### Recorded data
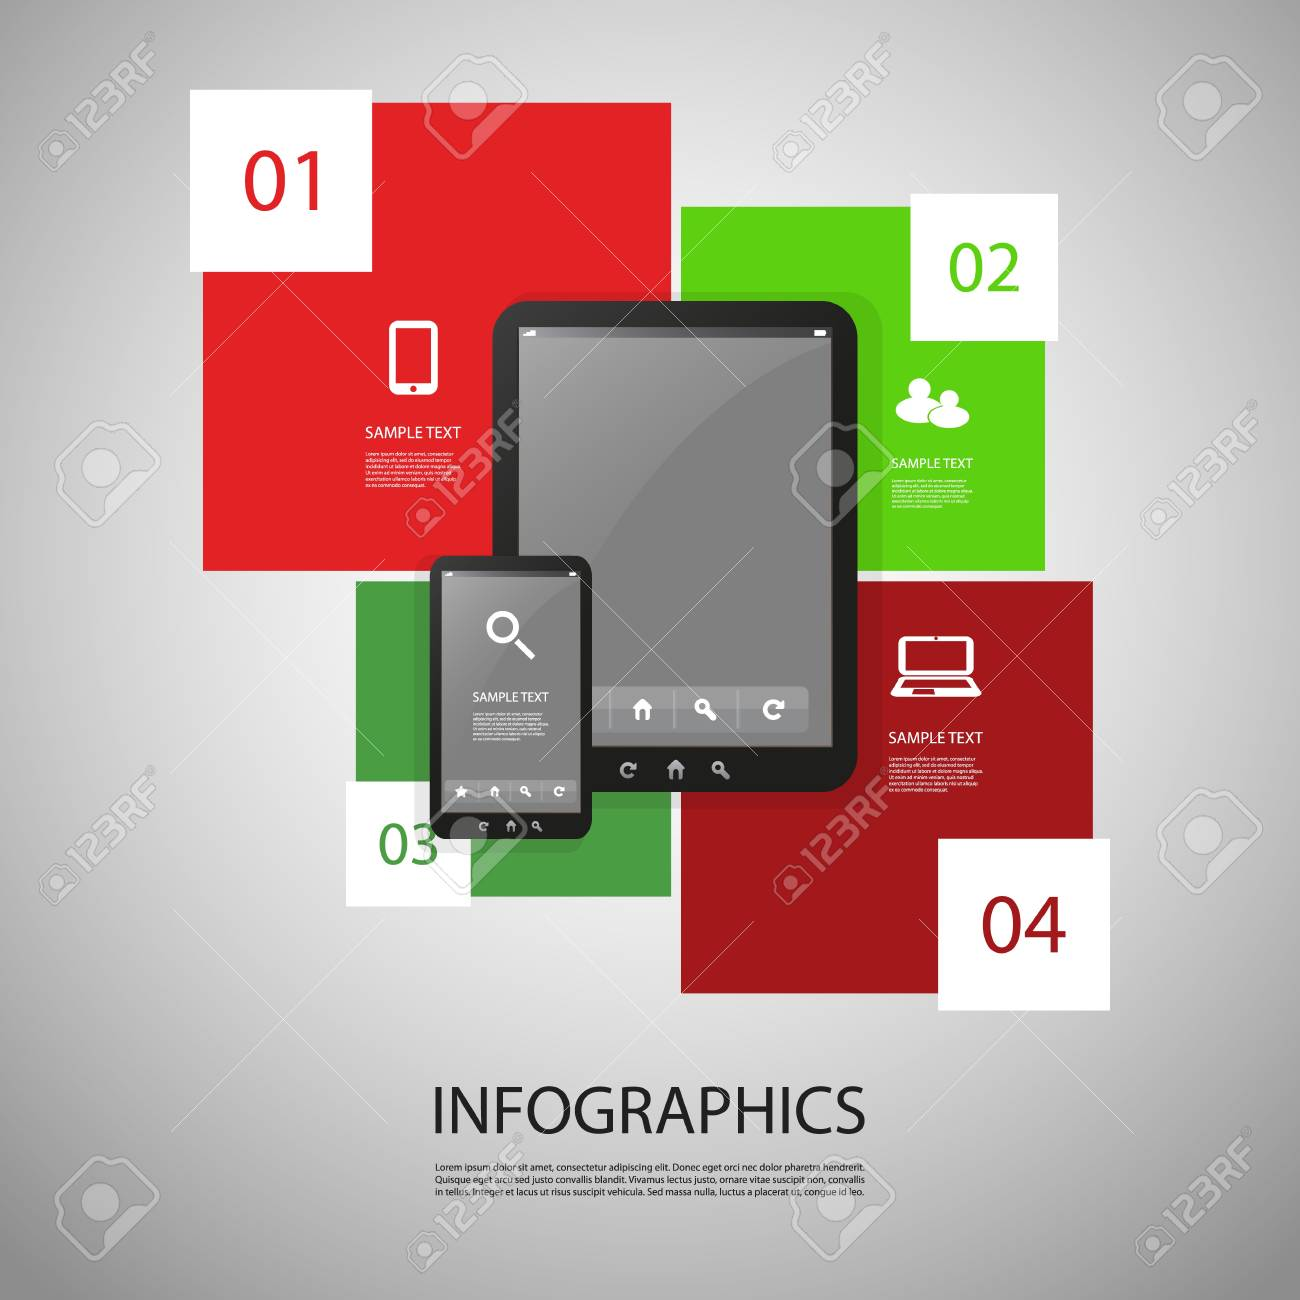 Infographic Design Stock Vector - 19554974
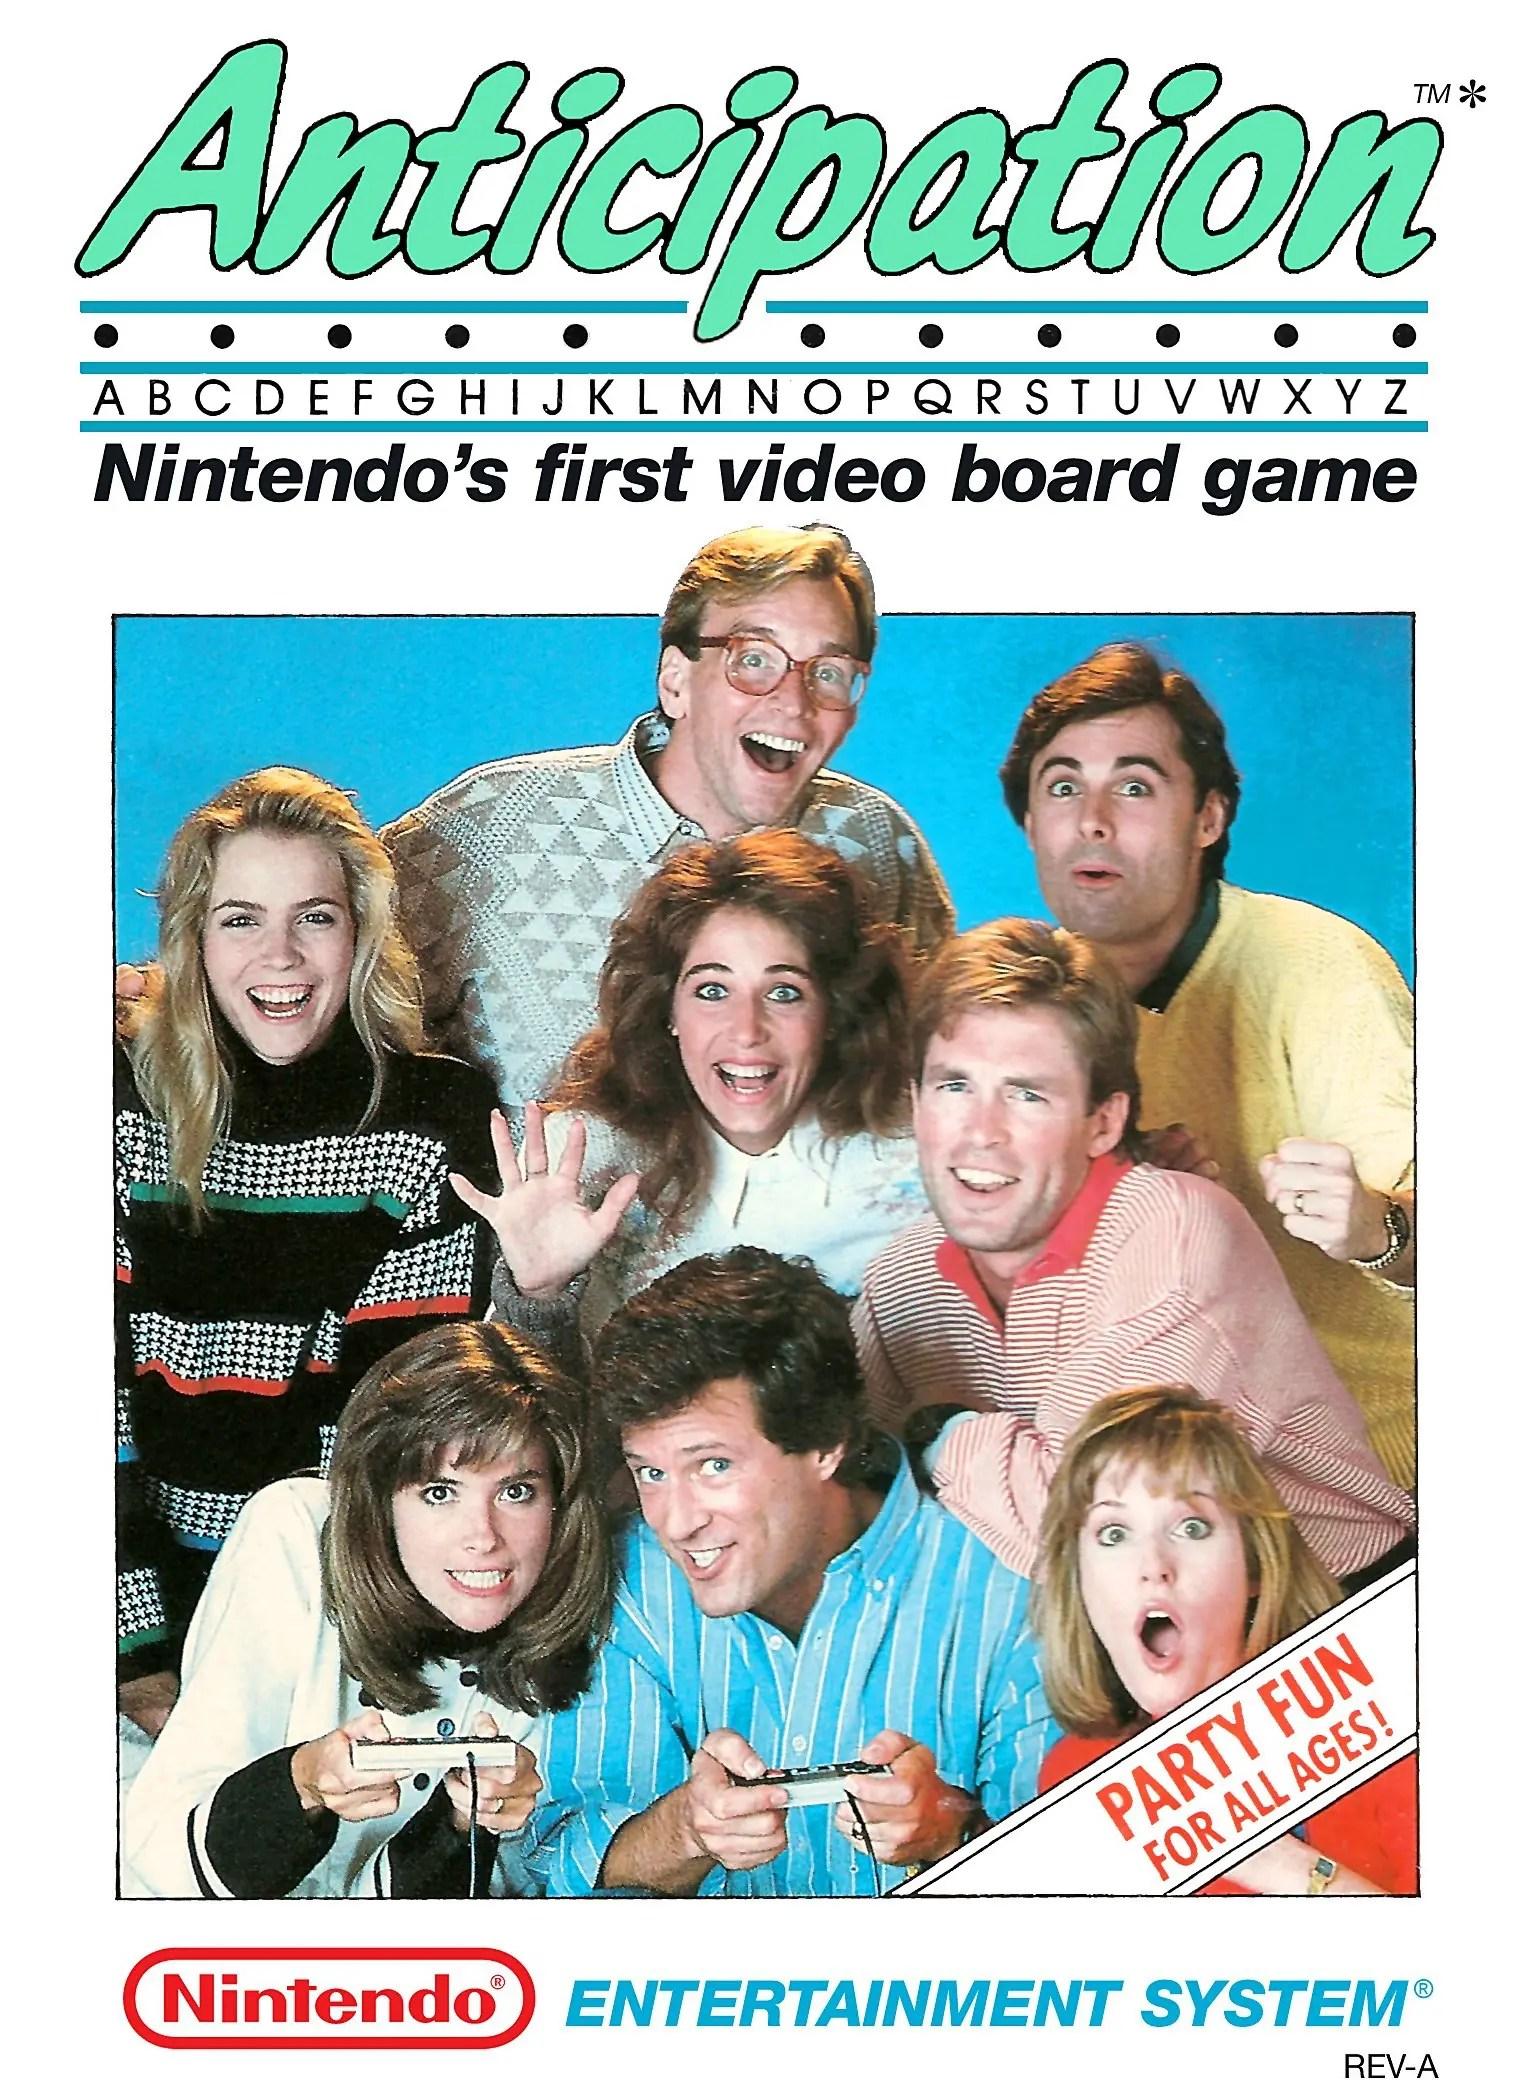 Anticipation for Nintendo Entertainment System (NES)
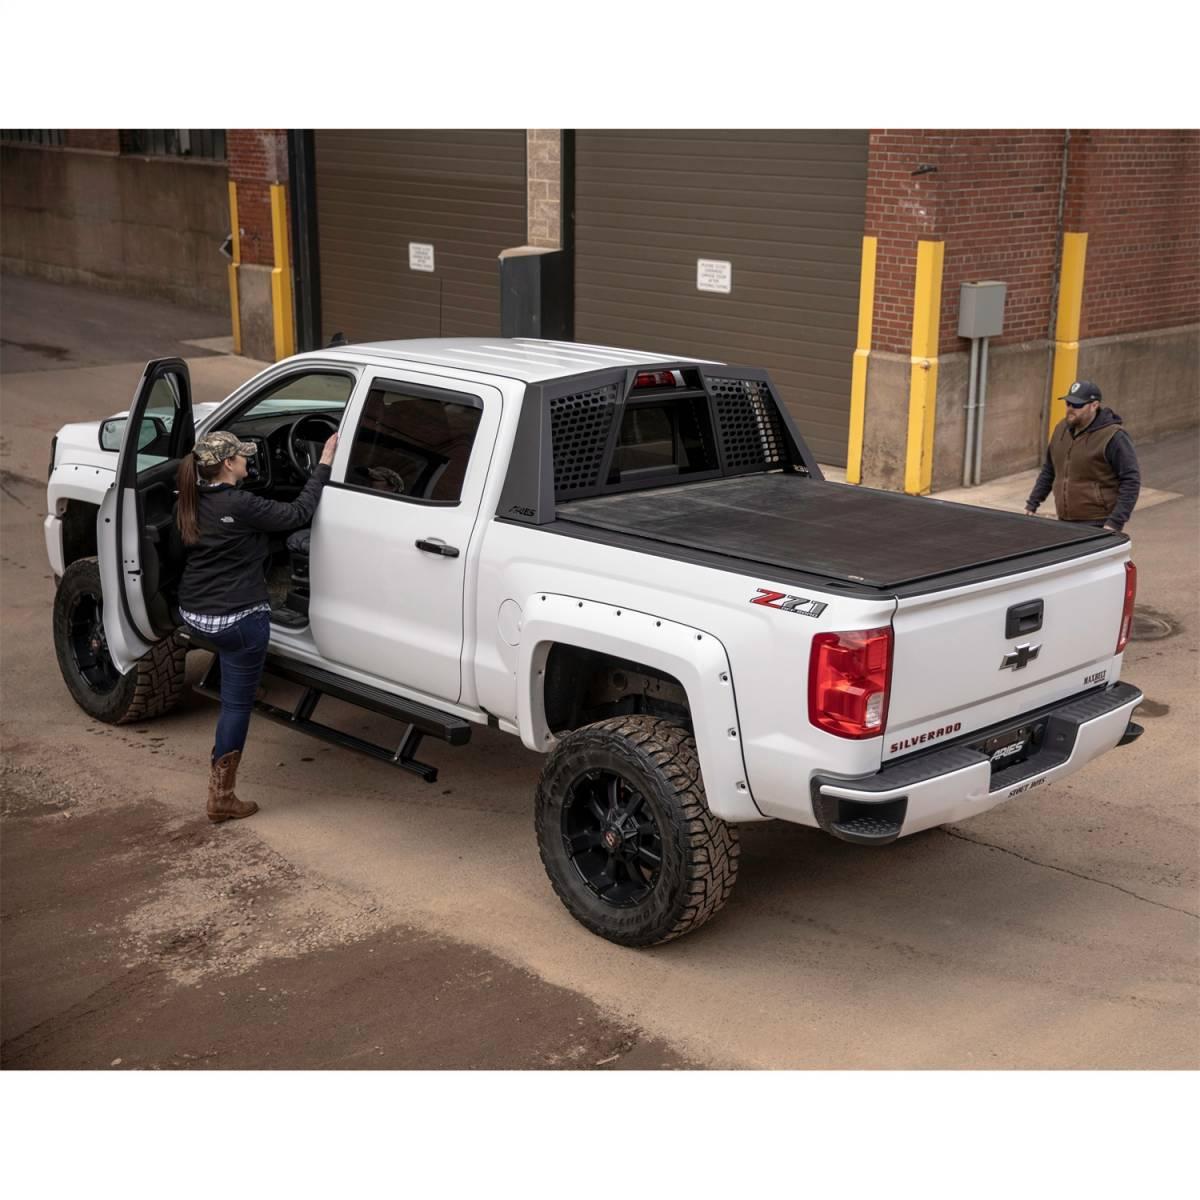 switchback headache rack aries 1110110 nelson truck equipment and accessories

### Exercise details
Reproduce the lines above, exactly and exclusively, from the line containing "Anticipation for Nintendo" down to the last line, both included; pictures are not part of the copy.

### Task solution
 Anticipation for Nintendo Entertainment System (NES)
 switchback headache rack aries 1110110 nelson truck equipment and accessories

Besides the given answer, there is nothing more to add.